High molecular weight laminarin/AgNPs-impregnated PVA based in situ hydrogels accelerated diabetic wound healing

Diabetes exhibits several long-term serious health complications, including healing-impaired wounds, which result in substantial clinical challenges, warranting the need to develop efficient wound dressings. Herein, multifunctional in situ hydrogels as diabetic wound dressings were accomplished by concomitant spraying of 3-aminophenyl boronic acid (PBA)- grafted dialdehyde laminarin (LamPBA) and silver nanoparticles-impregnated polyvinyl alcohol (PVA-AgNPs). The hydrogels with and without AgNPs (F2 and F1, respectively) conferred excellent rheological characteristics and acceptable antibacterial activity (up to 80 % reduction in survival) against E. coli and S. aureus.

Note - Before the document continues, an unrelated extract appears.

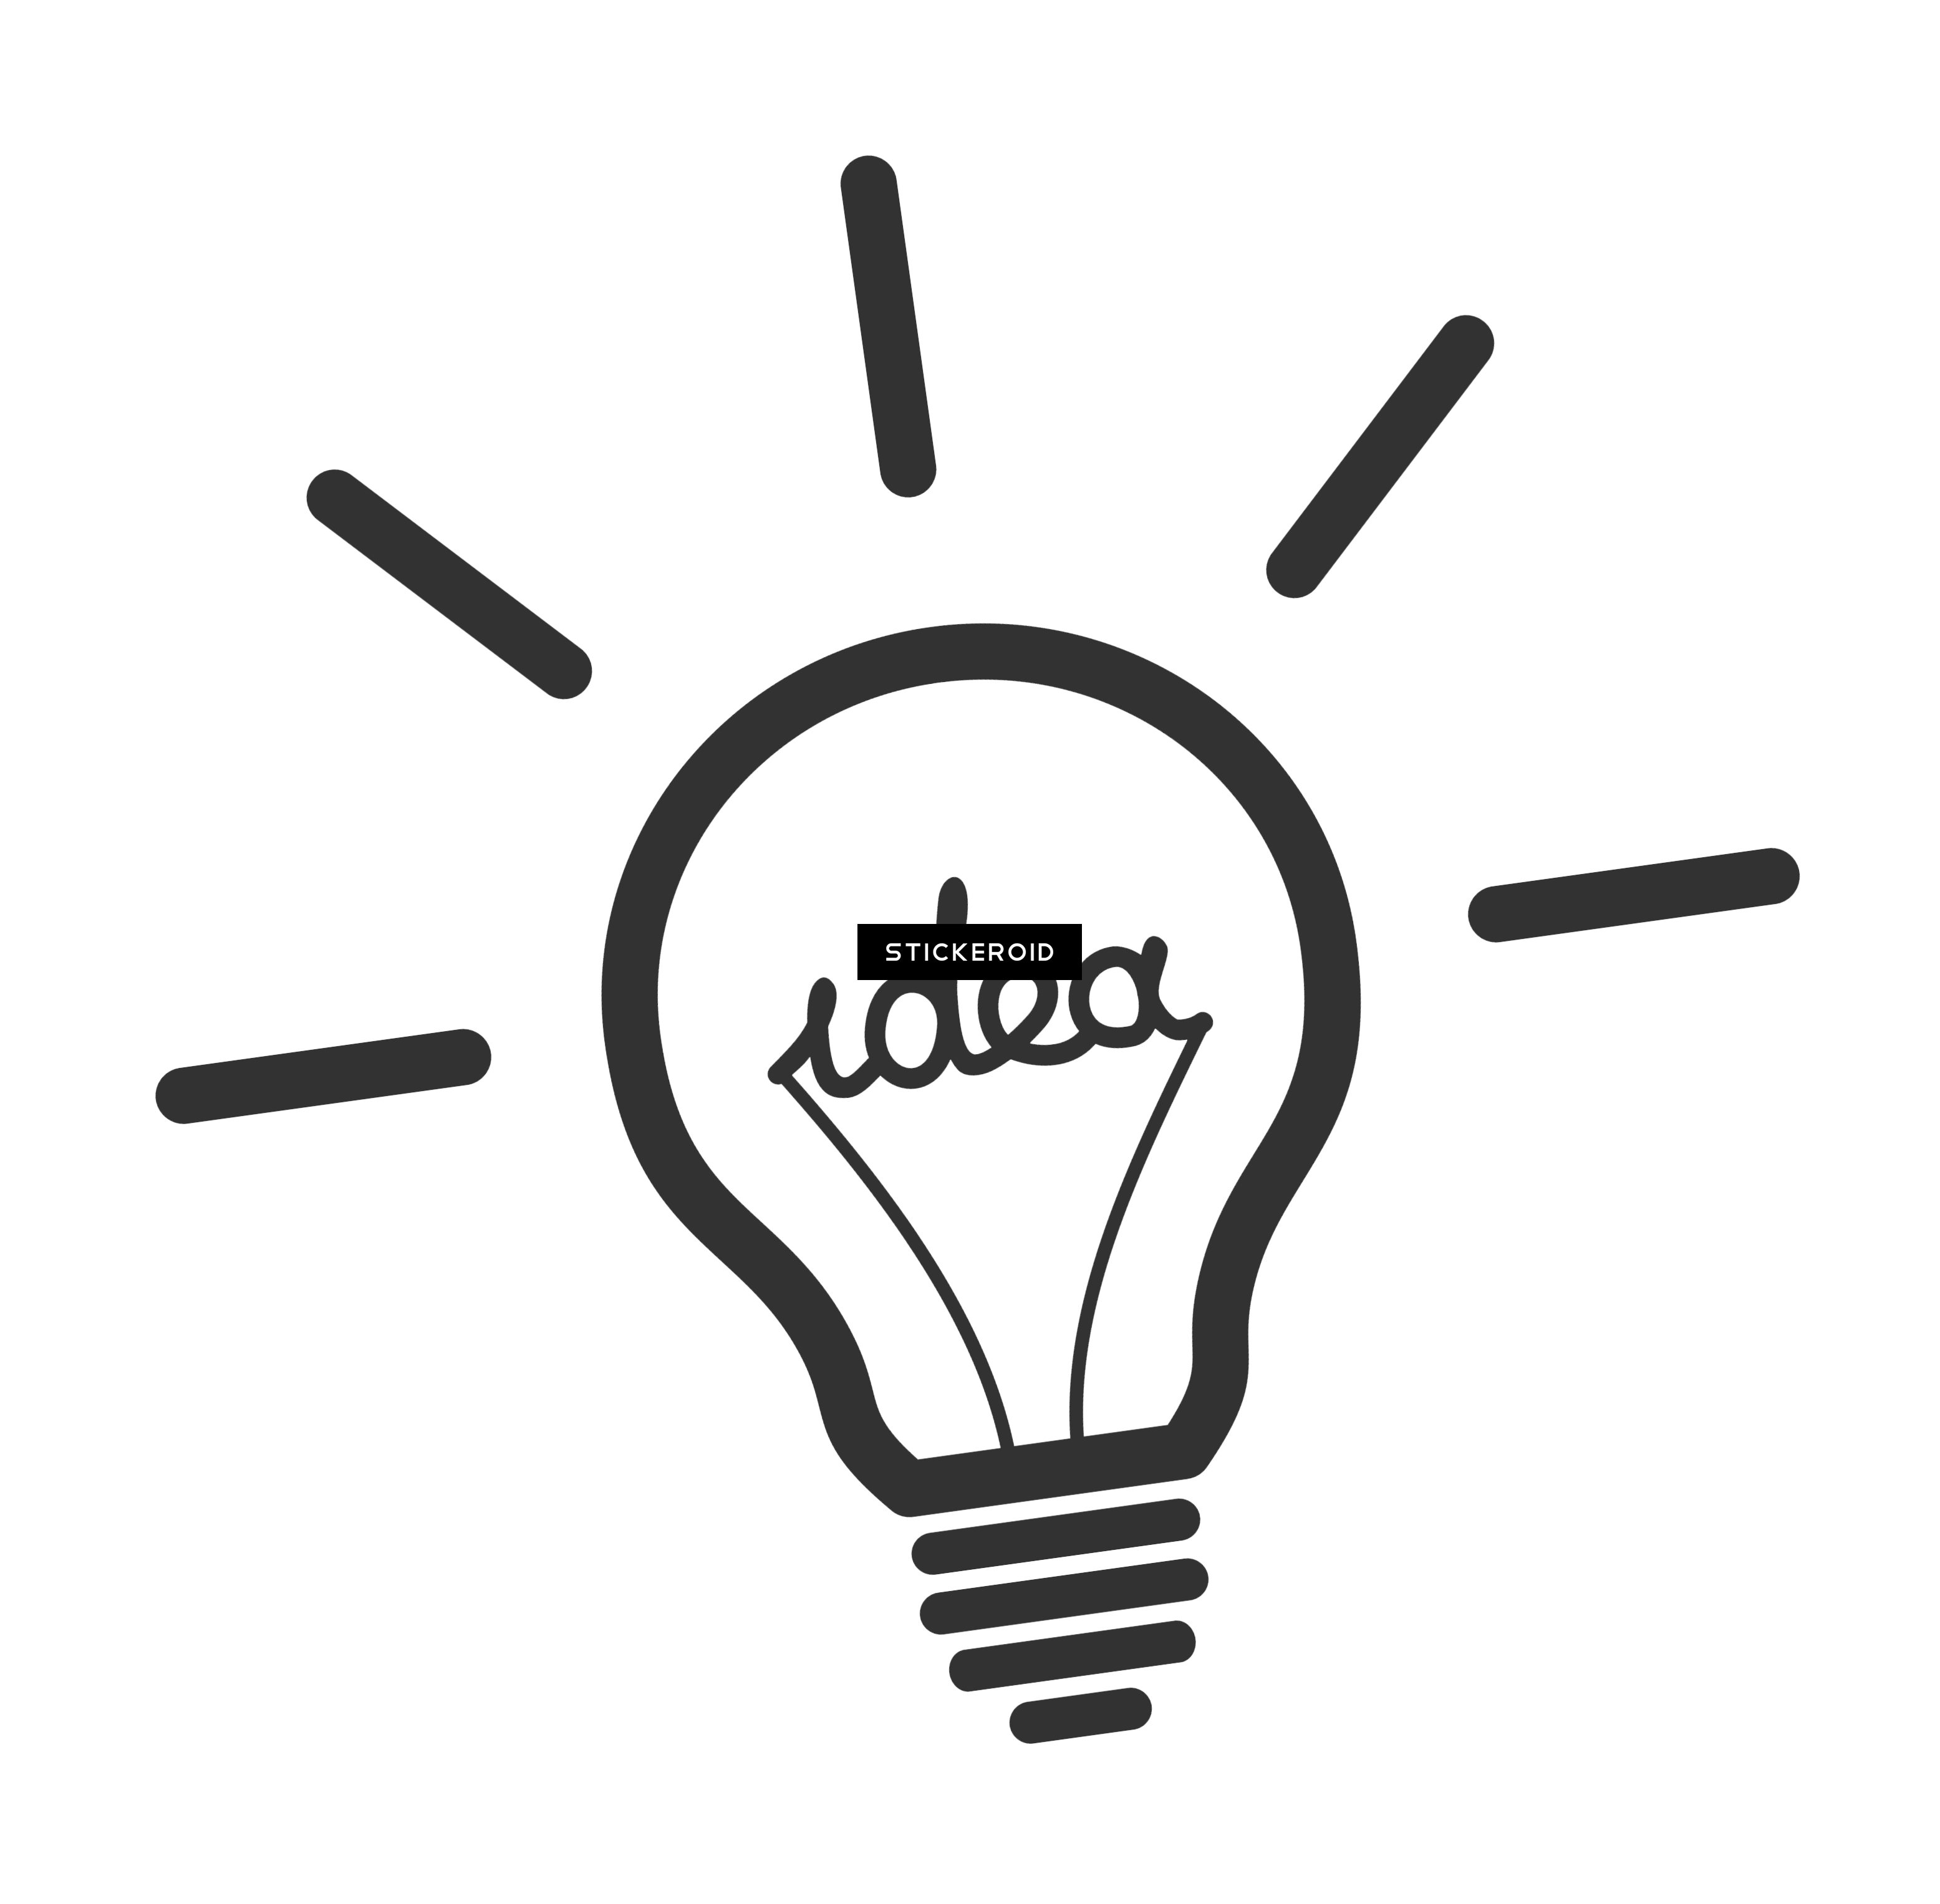 Lightbulb Idea Concept Sketch

Cellular experiments revealed that the hydrogels obviously promoted the proliferation and migration of HaCaT and NIH/3 T3 cells. In diabetic mice, the hydrogels accomplished ~90 % wound closure by day 9, outperforming controls (65-70 %). Additionally, F1 and F2 considerably increased the CD206/CD86 ratio (46 ± 5 and 62 ± 7, respectively) compared to diabetic (0.6 ± 0.1) and nondiabetic (2 ± 0.2) controls. Moreover, the hydrogels demonstrated remarkably triggered epidermal tissue regeneration, collagen deposition, antioxidant defense and angiogenesis. The hydrogels containing AgNPs portrayed superior wound healing potential over AgNP-free hydrogels. Overall, the in situ hydrogels (LamPBA/PVA-AgNPs, F2) could augment the diabetic wound healing rates in an effective manner and be utilized as promising wound care biomaterials.